Ok, here is my retry.

r_vec31 = -2i - j
r_vec32 = -2j

r_hat31 = (-2i - j) / sqrt(5)
r_hat32 = (-2j) / 2 = -j

Fvec_31 = 4.23 * r_hat31 N = -3.78i - 1.89j
Fvec_32 = -1.22 * r_hat32 N = 1.22j
Fvec_net = (-3.78i - 0.67j)
Fvec_mag = 3.84 N

So the magnitude would be 3.84N, NO?

11. Sep 9, 2008

### godmoktail

And since the components are -3.78 and 0.67, then the direction is:
arctan(-.67/-3.78) = 10 deg, no?

12. Sep 9, 2008

### LowlyPion

Yes, that looks good.

13. Sep 9, 2008

### LowlyPion

10 degrees with respect to what? x-axis?

14. Sep 9, 2008

### godmoktail

yes, the x-axis

15. Sep 9, 2008

### LowlyPion

OK. Looks good then.

16. Mar 4, 2009

### r kumar

hello sir ..........can u help me i have a problem.........two point charges placed at d distance .two mediums of dielectric constants k1 and k2 are filled between them.one upto distance d1 and other upto d2 distance.what is the force acting between the charge.d1+d2=d.

17. Mar 4, 2009

### LowlyPion

I think I would use the equivalent εeq in place of εo

ε1 = k1*εo
ε2 = k2*εo

which I think intuitively can be determined similarly to capacitors in series by

d/εeq = d1/(k1*εo) + d2/(k2*εo)

You may want to satisfy yourself that this is correct.

18. Mar 4, 2009

### r kumar

sir thanks for replying. sir i have another question also if these mediums are placed one above the other between two point charges .the lengh of mediums is same as the distance between charges .what will be force between the charges .
_____________________________________
q1|________________k2_____________________| q2
|________________k1_____________________|

19. Mar 4, 2009

### LowlyPion

That seems to be more complicated because the thicknesses are unknown.
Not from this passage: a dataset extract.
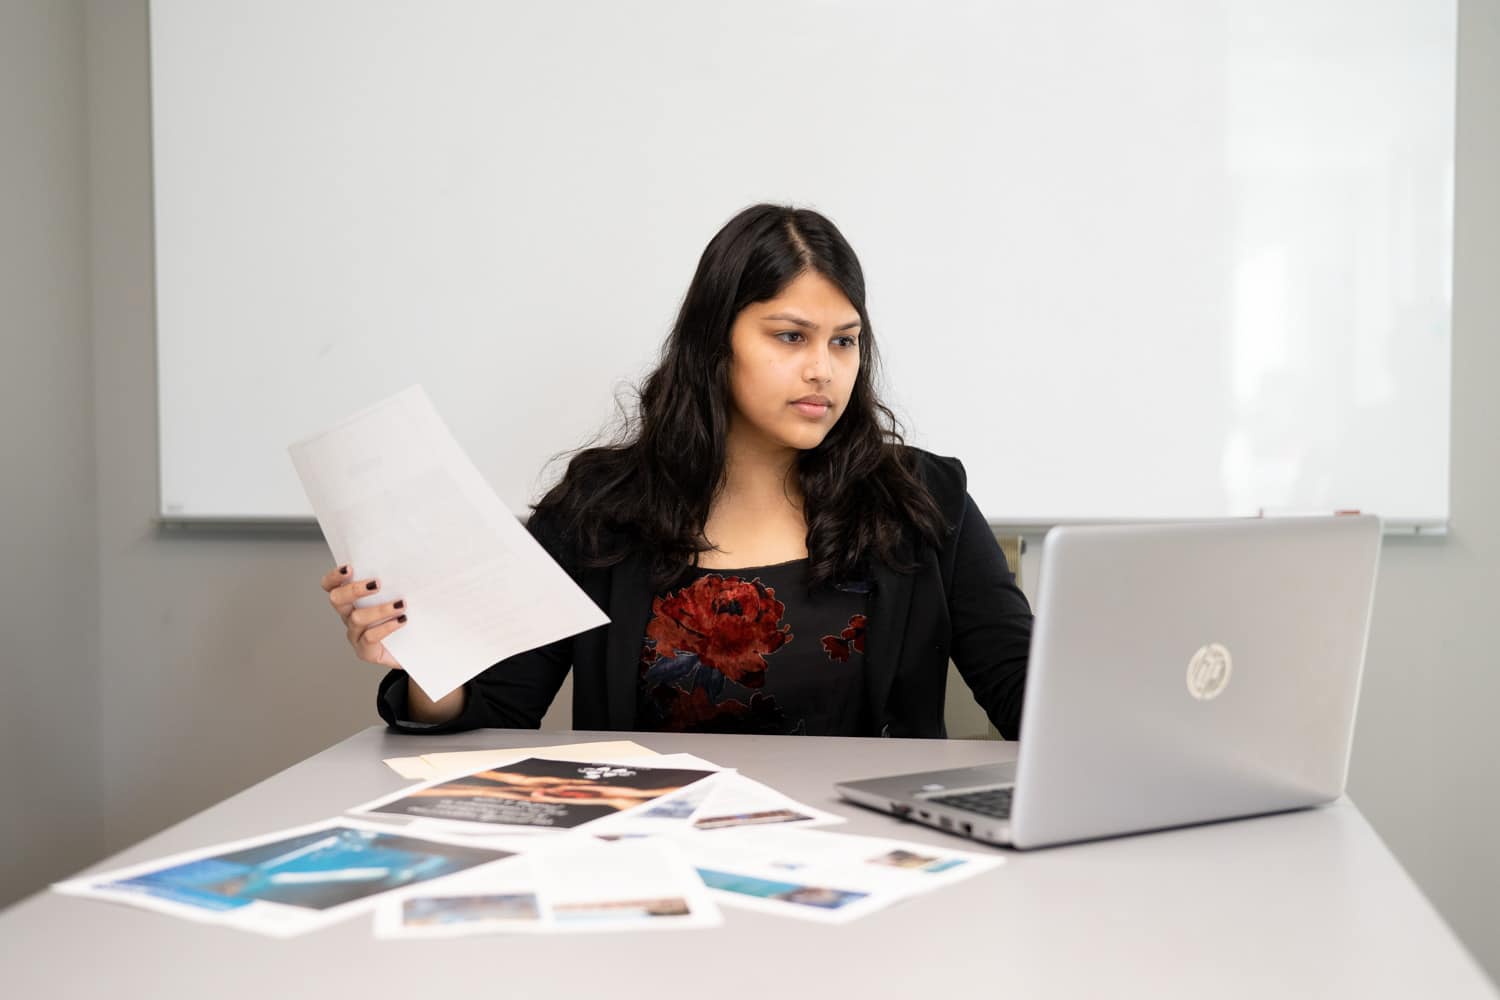  student holding paperwork while looking at macbook

If the thicknesses are large and the boundary bisects the point charges then by symmetry I would suppose that

εeq = 1/2*(k1 + k2)εo

BUT for thicknesses less than d between the charges, ... that looks more complicated than I want to consider.

20. Mar 4, 2009

### r kumar

sir both the mediums have thickness same as that of d distance between the chages.